Directions: All of the listing is to be written out word for word, with the pictures left out.

Data segment:
********
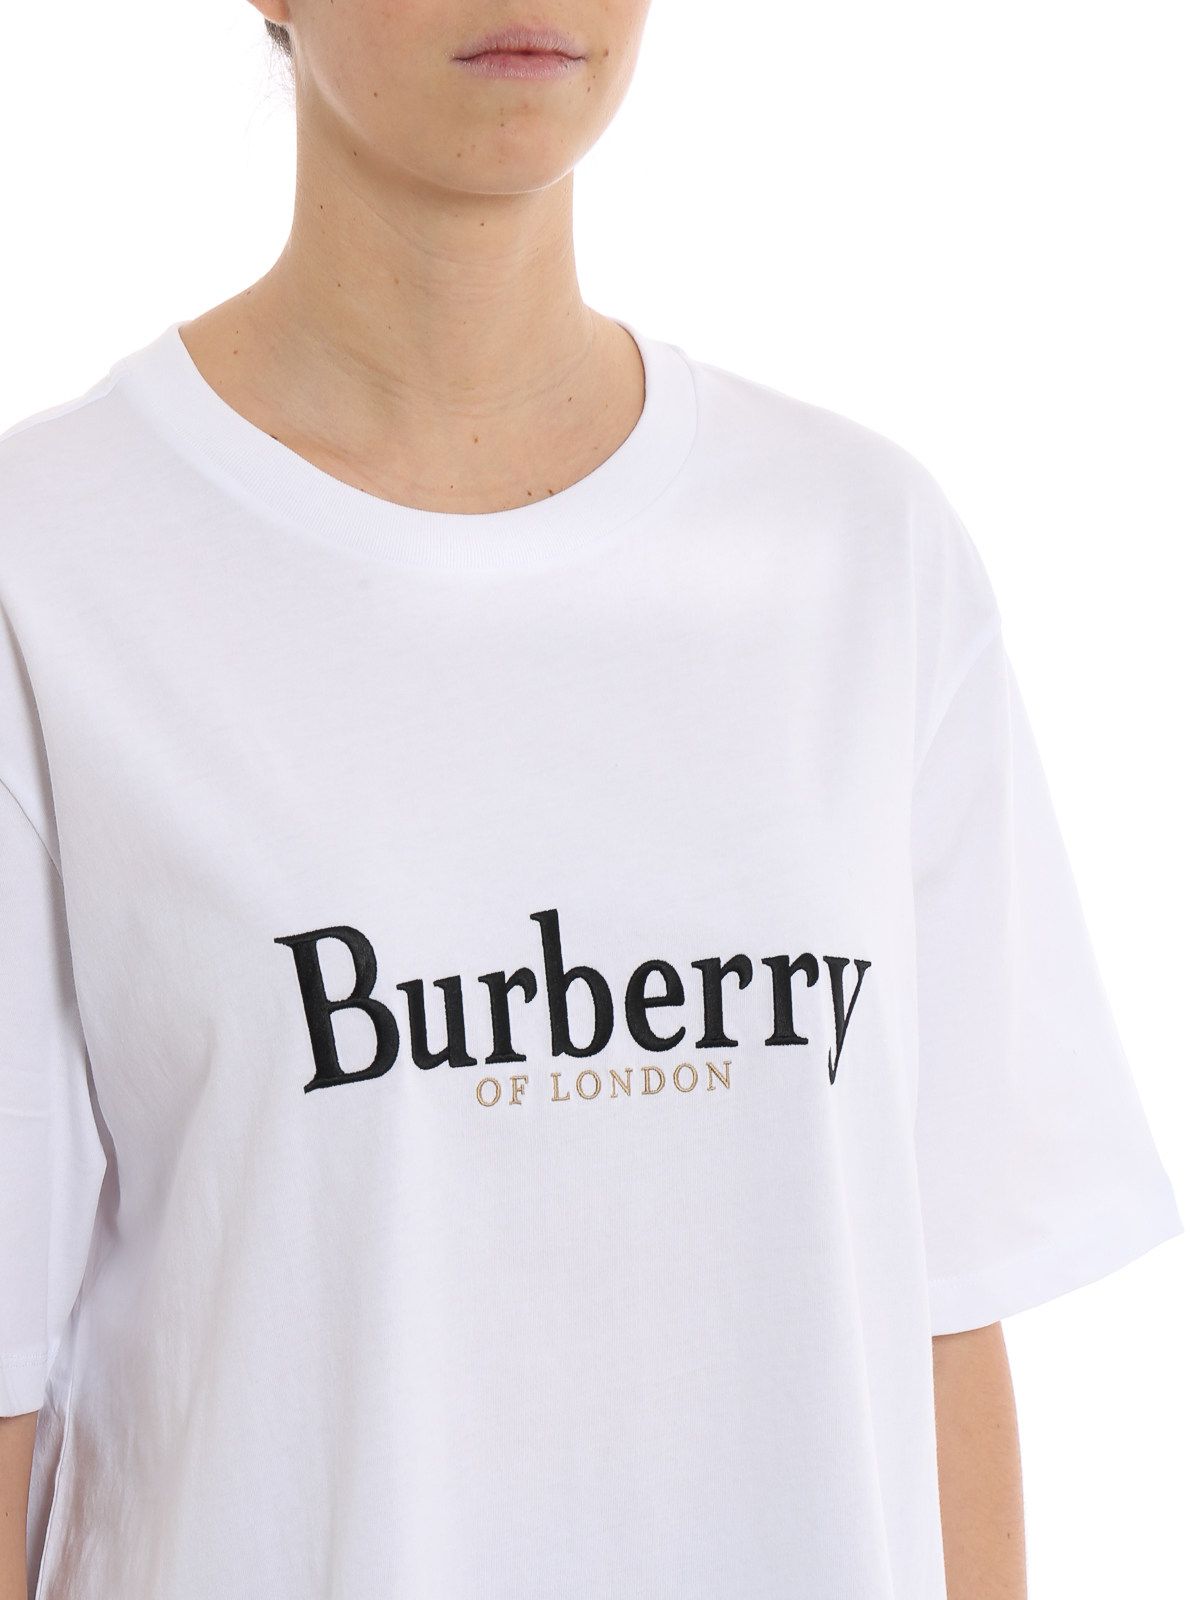 t shirt embroidery london
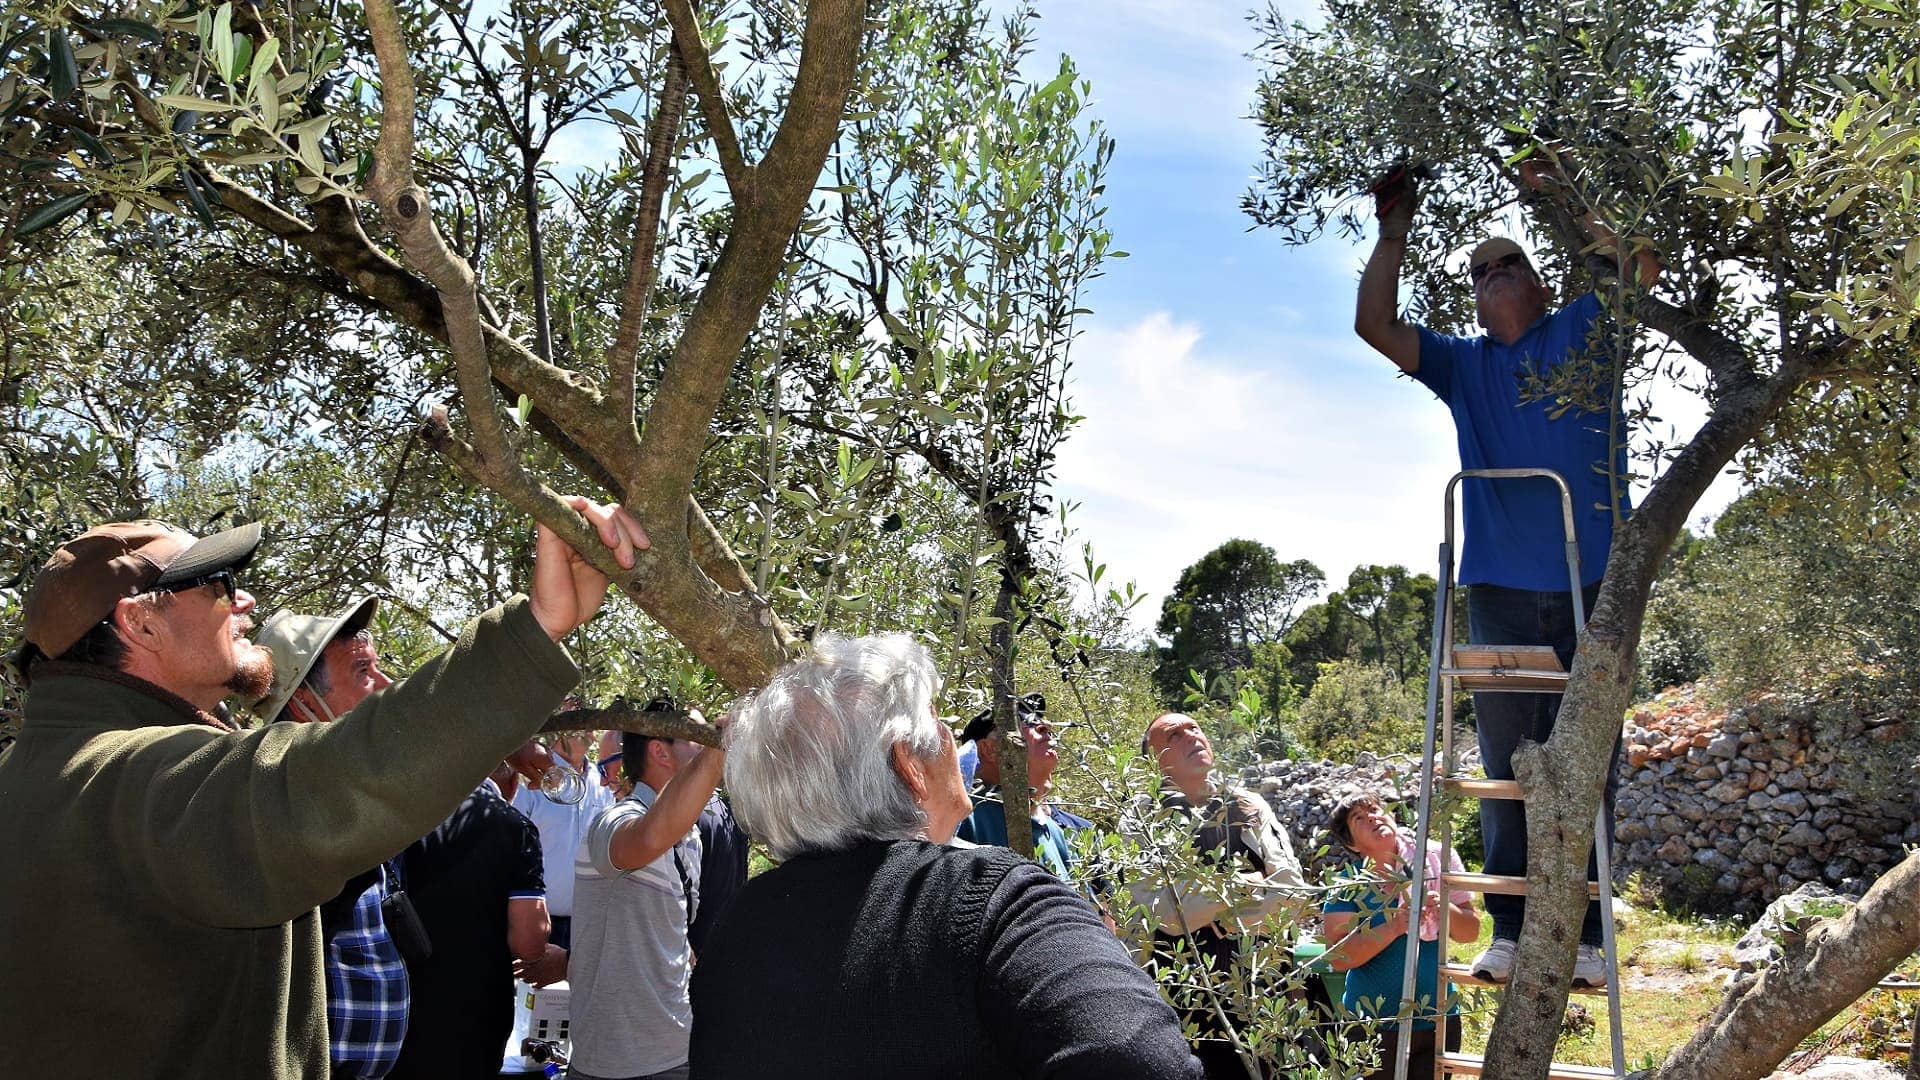 production-a-croatian-agronomists-guide-to-olive-tree-pruning-olive-oil-times
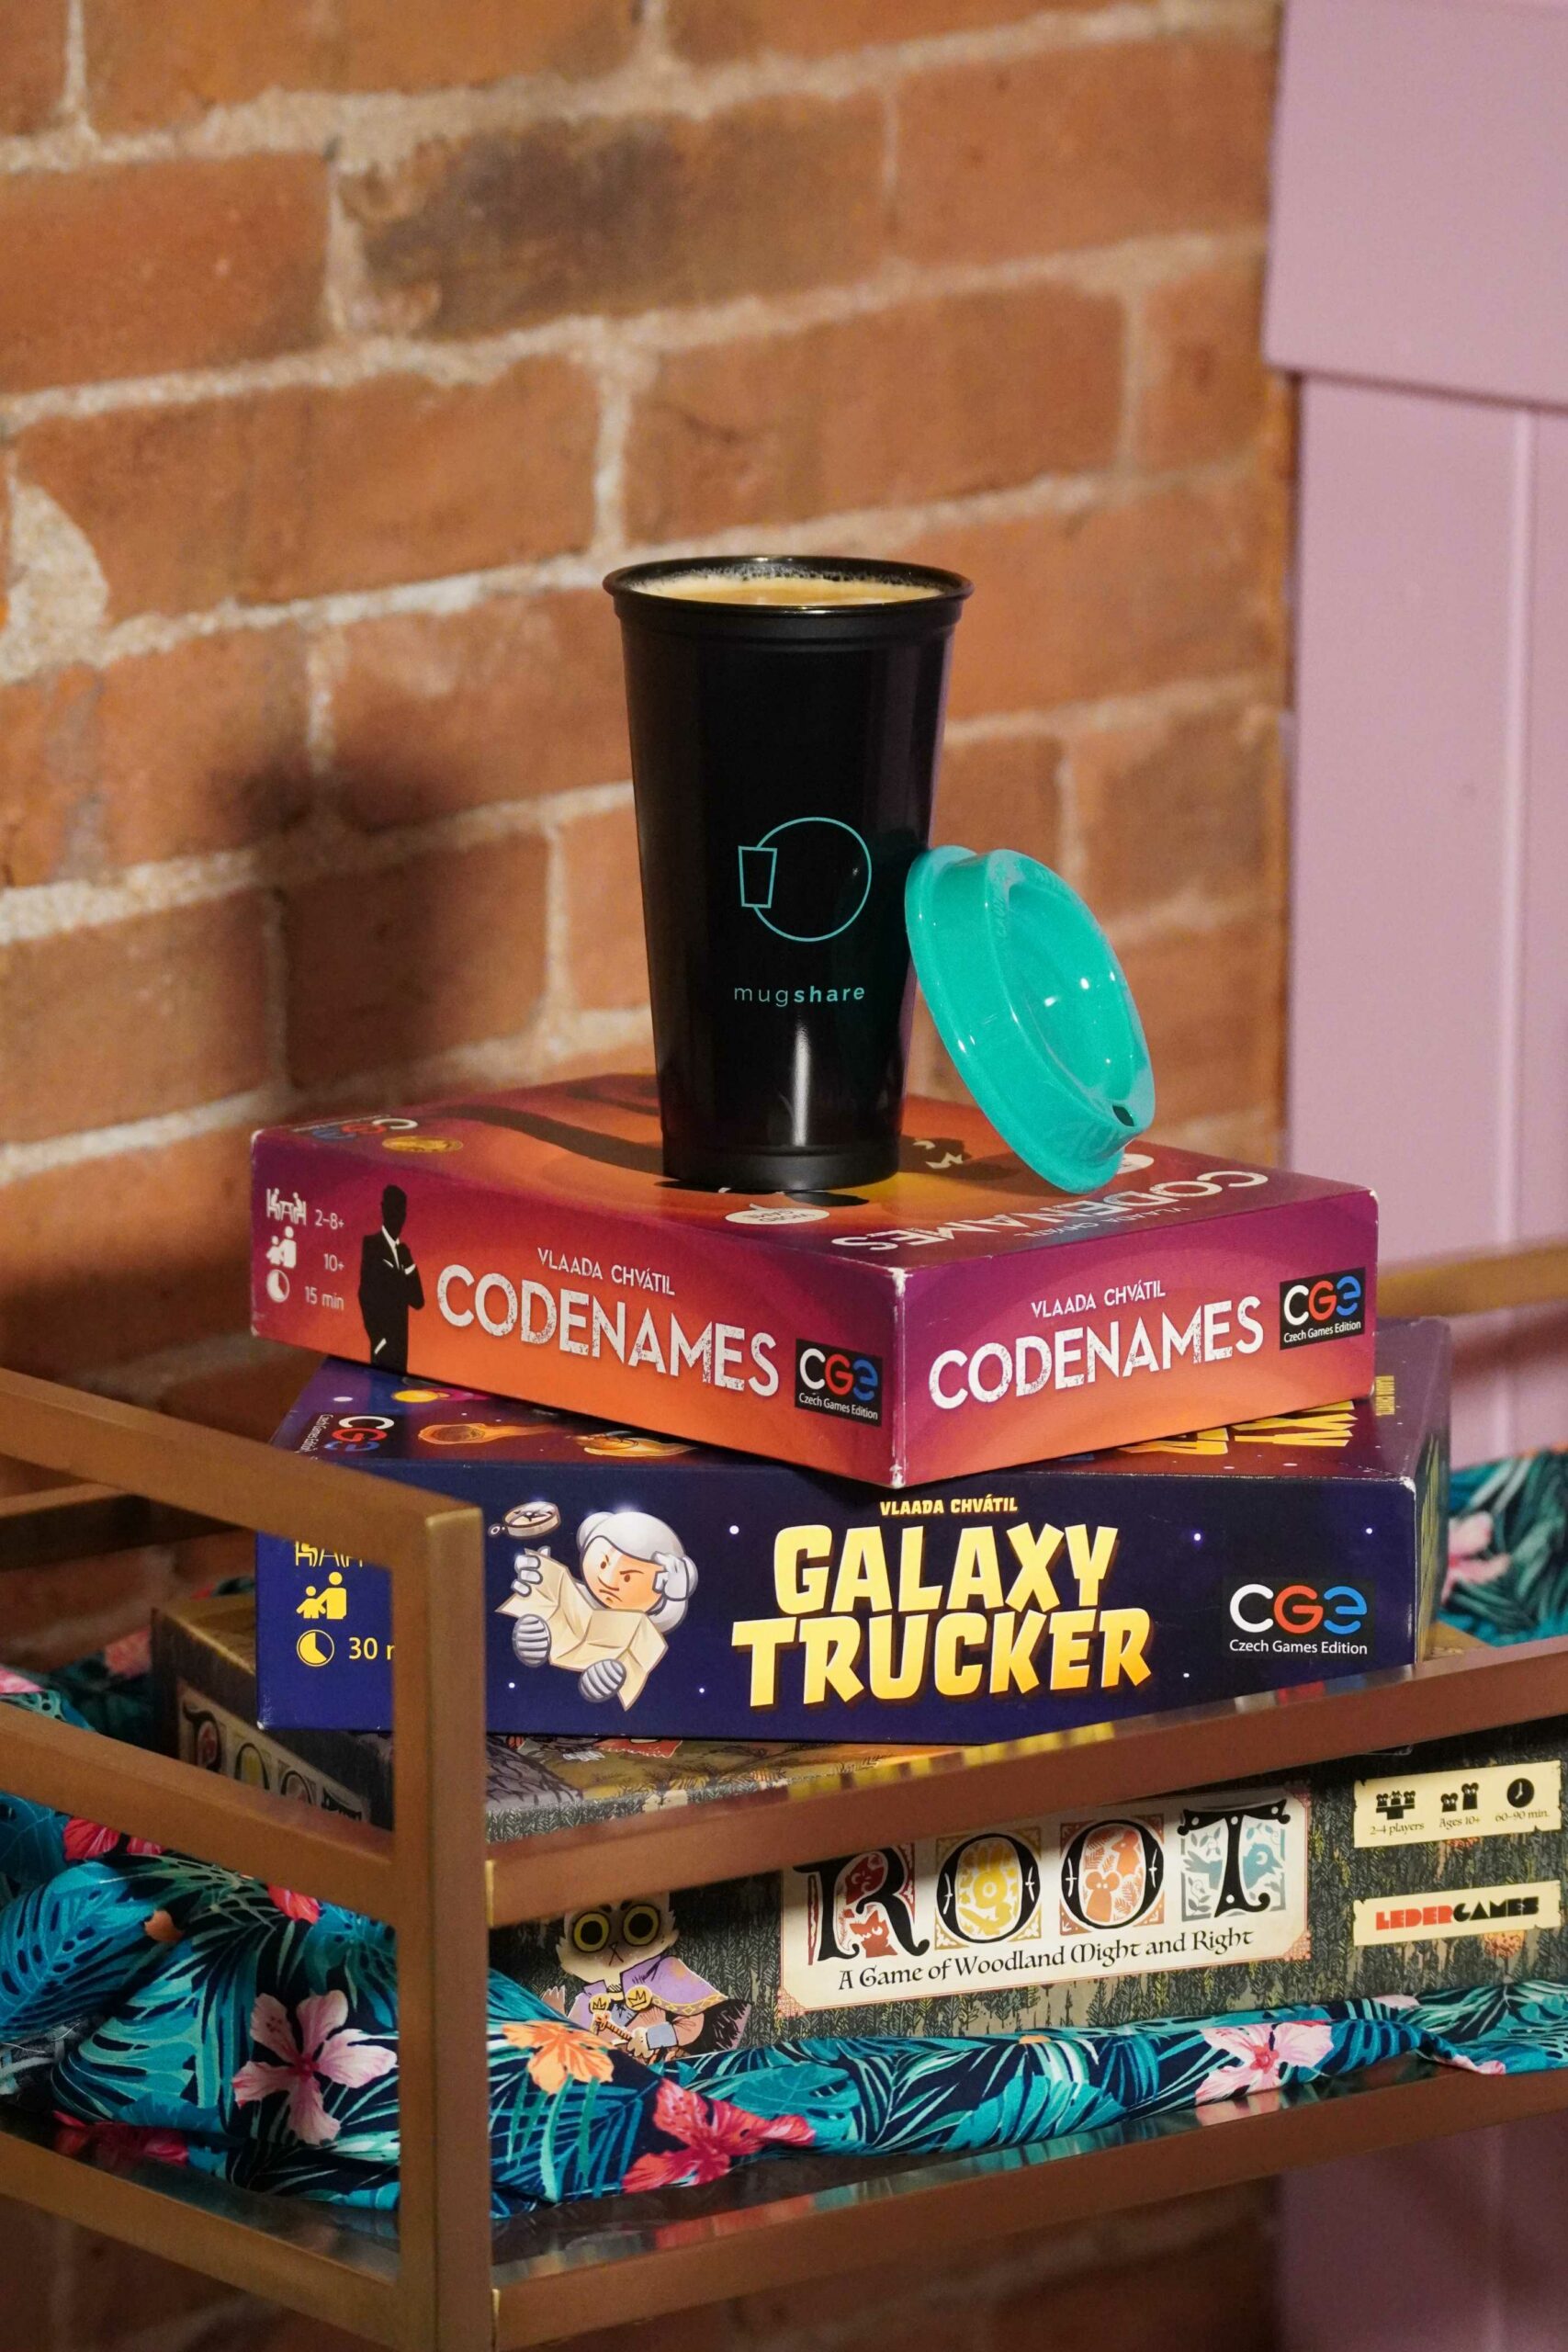 Stack of board games, with Code Names at the top, with a Mugshare mug on top filled with coffee. The board games are on a blue Hawaiian chair cushion behind a brick wall.
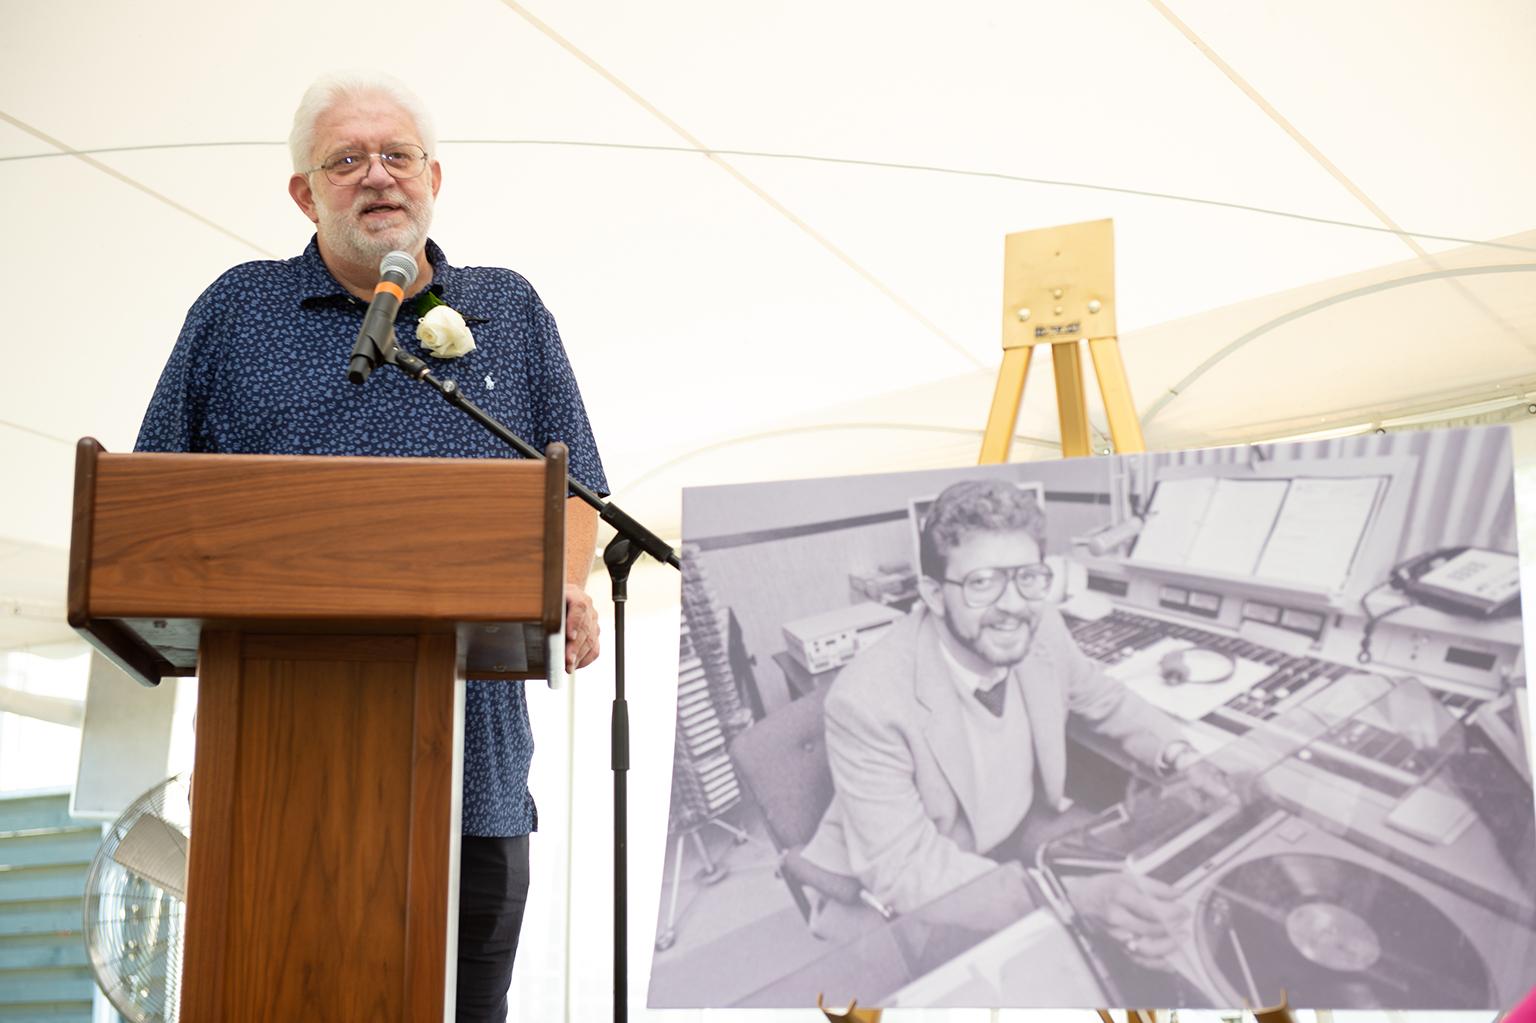 Honors for Carl Grapentine and his work at WFMT at a special “Goodbye to Carl” event at Ravinia Festival on July 14, 2018. (Courtesy 98.7 WFMT)
********
Task answer:
 t shirt embroidery london
 production-a-croatian-agronomists-guide-to-olive-tree-pruning-olive-oil-times
 Stack of board games, with Code Names at the top, with a Mugshare mug on top filled with coffee. The board games are on a blue Hawaiian chair cushion behind a brick wall.
 Honors for Carl Grapentine and his work at WFMT at a special “Goodbye to Carl” event at Ravinia Festival on July 14, 2018. (Courtesy 98.7 WFMT)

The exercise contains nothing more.